When analyzing some reports, you may come across amounts that differ from expectations, especially in accounting reports.
One of the first validations to perform is to check whether the fiscal year has been closed.
Next, you must compare the report data with the actual system entries.
Your investigation should depend on the source of the discrepancy:
- If the issue is with clients, check the client account statement
- If it’s with suppliers, check the supplier account statement
- If it’s with banks, check the bank reconciliation
- And so on
🧪 Practical Example
Report: Account Summary
Line Item: Client Debts
- Report for Dec/2021: €3,000
- Client statement from 01/01/2021 to 31/12/2021: €2,750
🔎 Step 1 – Narrow down the discrepancy
Analyze the report month by month until you identify the exact period where the difference appears.

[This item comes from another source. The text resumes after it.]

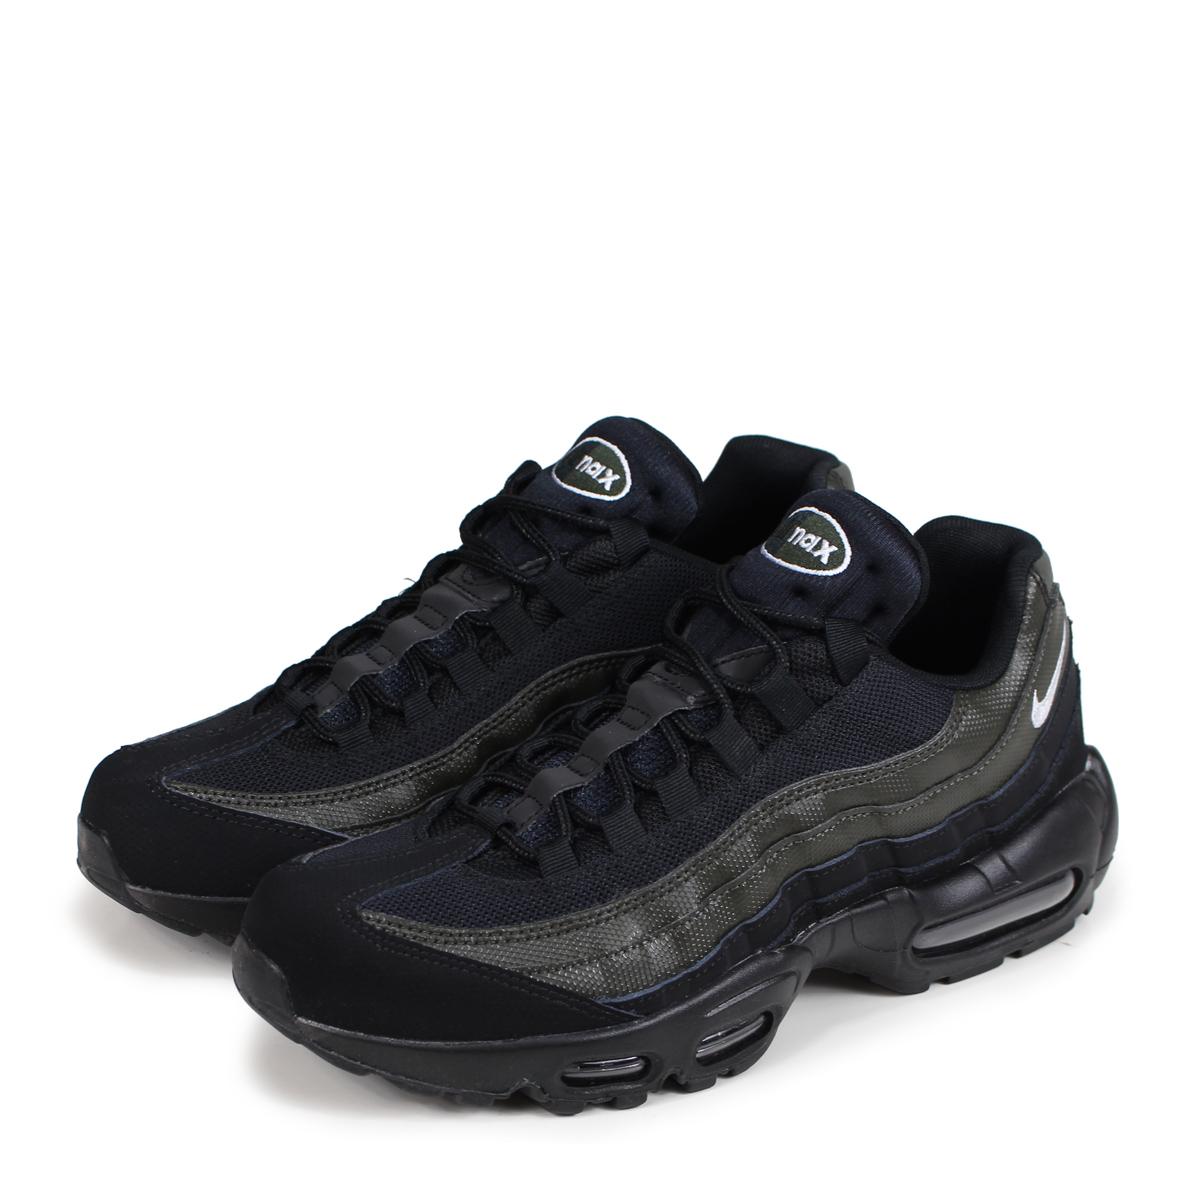 d1c2defb85 Nike NIKE Air Max 95 essential sneakers men AIR MAX 95 ESSENTIAL  7,497,664-034 black ...

- Report for Jan/2021: €5,000
- Client statement from 01/01/2021 to 31/01/2021: €5,035
➡ The difference already exists in January, so the error lies before this period.
Let’s now review year 2020:
- Report for Dec/2020: €1,500
- Client statement from 01/01/2020 to 31/12/2020: €700
➡ The discrepancy persists. If there are no previous entries, the error is likely in the opening document (usually in journal X).
🛠️ Step 2 – Correct the opening document
- Open the document via
Accounting > Accounting Documents
- In the Account Statement tab, click a line to view the totals
- In the Details tab, validate whether account 2111 matches the expected total
- If not, adjust:
- Update the debit in account 2111
- And the offsetting account (e.g.,
Retained Earnings
for opening balances)
✅ Step 3 – Reopen and close the fiscal year
After saving:
- Reopen and reclose the fiscal year
- Re-run the report — the values should now be correct
⚠️ Recommendation: Perform regular reconciliations and checks to prevent the accumulation of accounting errors.